Que se passe-t-il dans l’un des plus importants organismes de recherche français, l’Institut national de recherche en sciences et technologies du numérique (Inria), placé sous la double tutelle du ministère de l’enseignement supérieur et de la recherche et de celui de l’économie ?
Côté face, tout va bien pour ses 4 500 scientifiques répartis sur neuf centres, rémunérés par l’organisme ou ses partenaires. Budget 2023 en hausse de 47 % par rapport à celui de 2018. Des recrutements de chercheurs doublés depuis deux ans. Des partenariats nombreux avec des entreprises françaises comme La Poste, Orange, Atos, Naval Group, Dassault Systèmes. Un rôle central dans divers plans de relance en santé numérique, information quantique, intelligence artificielle…
Côté pile, le tableau est tout autre. Deux pétitions contre la direction, dont la dernière, lancée le 24 janvier, décrit un « institut malmené par sa direction et [qui] souffre de dysfonctionnements totalement inédits par leur ampleur et leur multiplicité ». Avec des en-têtes cinglants qui résument l’étendue d’un malaise persistant – « science maltraitée », « administration en souffrance », « instances malmenées », « organisation en déshérence » ou encore « institut en péril » –, elle a déjà été signée par plus de 430 personnes en interne, dont environ un quart des chercheurs employés directement par l’Inria.

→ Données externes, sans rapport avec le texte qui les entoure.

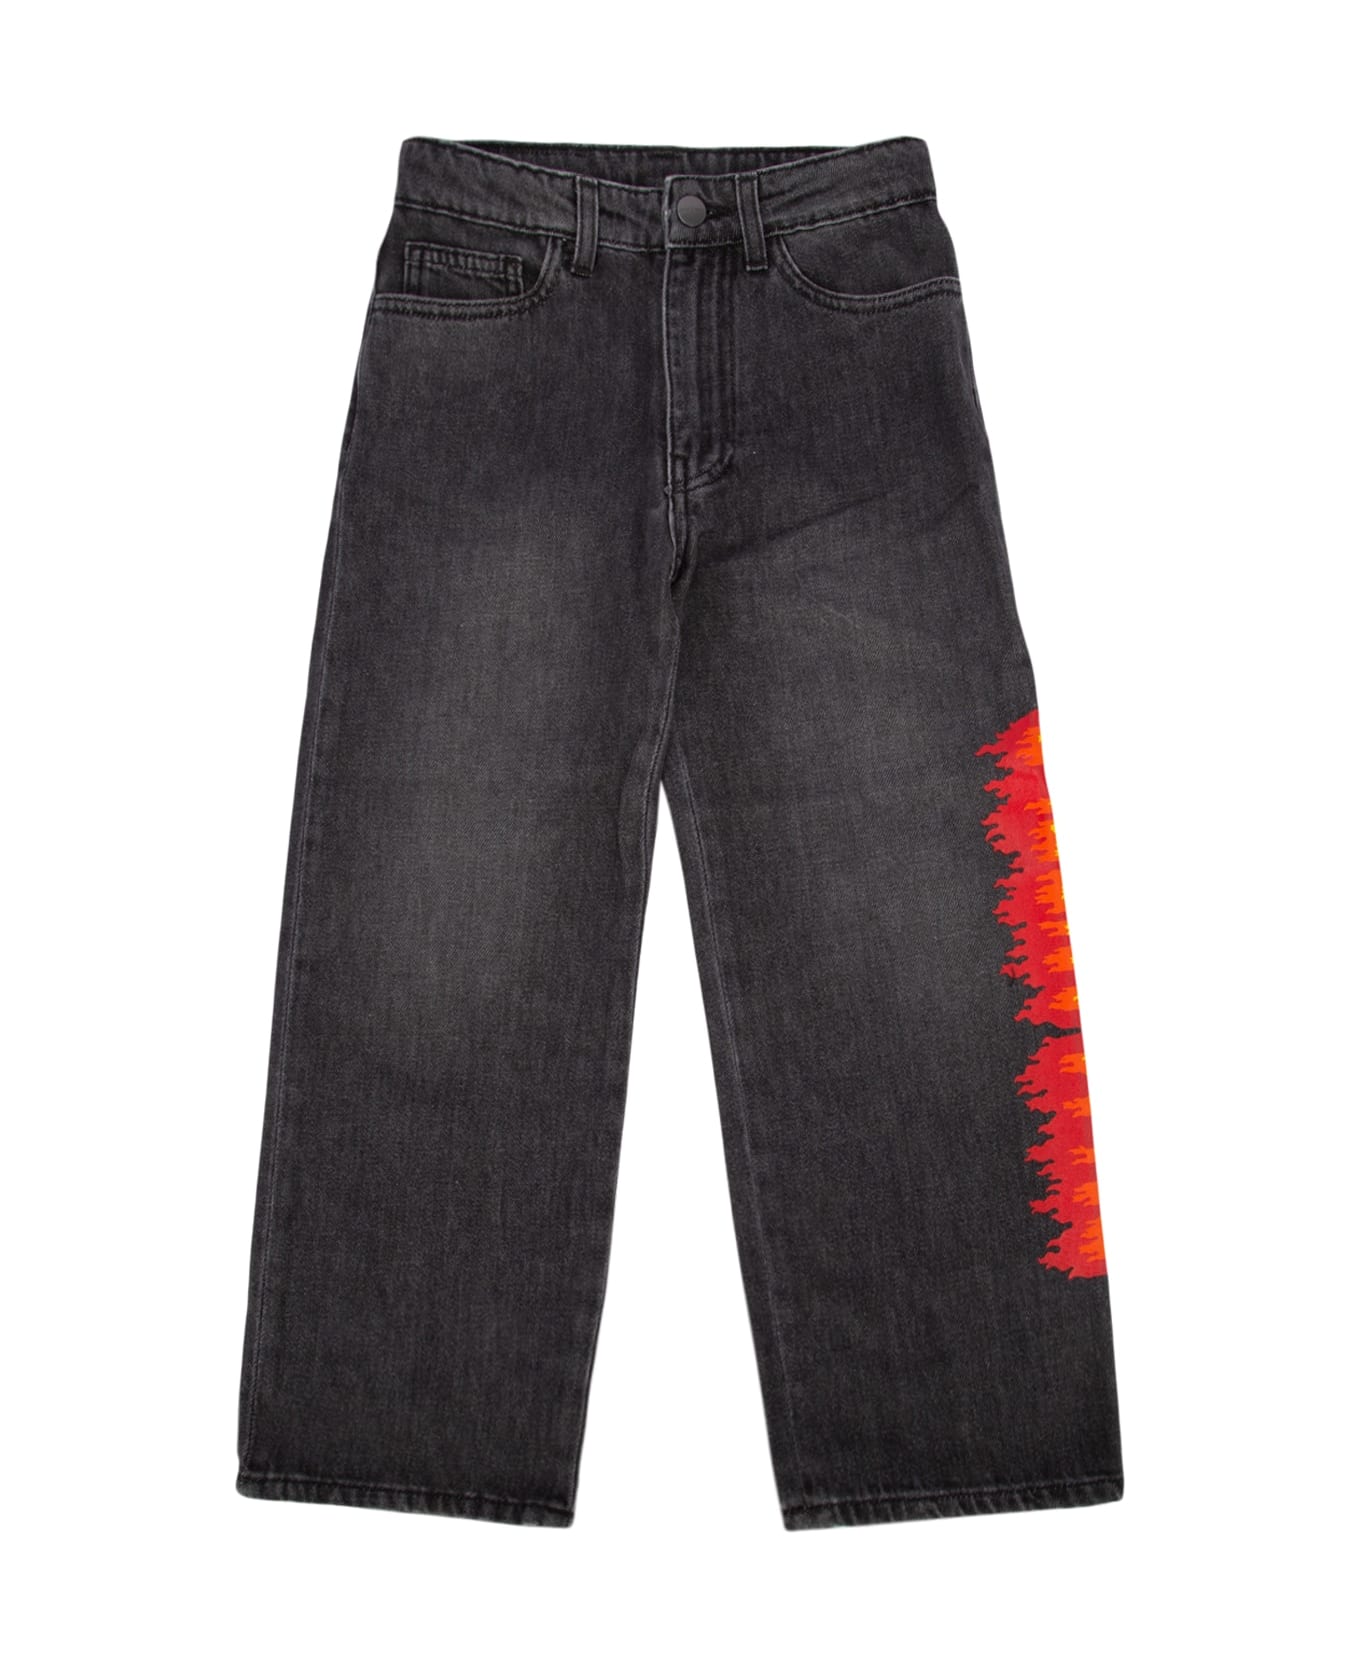 Palm Angels Jeans - BLACKRED ボトムス

L’inspection du travail a été saisie pour diverses situations de risques psychosociaux, impliquant des personnels administratifs et, fait plus rare, de recherche. Le médecin du travail coordinateur a démissionné en juin 2022 et n’a toujours pas été remplacé. Un conflit ouvert perdure depuis plusieurs mois entre la direction et l’une des instances indépendantes et paritaires de l’organisme, la commission d’évaluation (CE).
Témoignages anonymes
Cette dichotomie se retrouve dans la vingtaine de témoignages recueillis par Le Monde, dans plus de la moitié des centres Inria. Les tenants des positions les plus opposées se rejettent ainsi l’accusation de « nuire à l’image de l’organisme ». La plupart refusent de s’exprimer nommément pour ne pas envenimer la situation par de la personnalisation, ou par crainte de représailles internes. « On a la trouille », dit même un représentant du personnel, élu syndical, pourtant « protégé ».
Un des initiateurs de la pétition, en région parisienne, juge « la défiance irréversible avec la direction »
Un des initiateurs de la pétition, en région parisienne, juge « la défiance irréversible avec la direction ». « Quel que soit l’endroit où l’on regarde, rien ne va : politique scientifique, management, organisation, budget… », ajoute-t-il. Et, assez abattu, lâche : « On ne retrouve plus l’Inria qu’on a aimé. » Plusieurs témoins ont indiqué « être prêts à partir s’ils pouvaient ». Au contraire, d’autres dédramatisent. « On a mieux à faire que de perdre du temps à discuter de ces bêtises », regrette un émérite de l’Inria. « J’entends des craintes mais je ne les comprends pas. On continue les recherches comme avant, mais on fait aussi plus de choses. S’il y avait des baisses de moyens ou si on décidait d’arrêter l’informatique comme certains le disent, je protesterais », affirme Eric Fleury, directeur du centre Inria de Paris.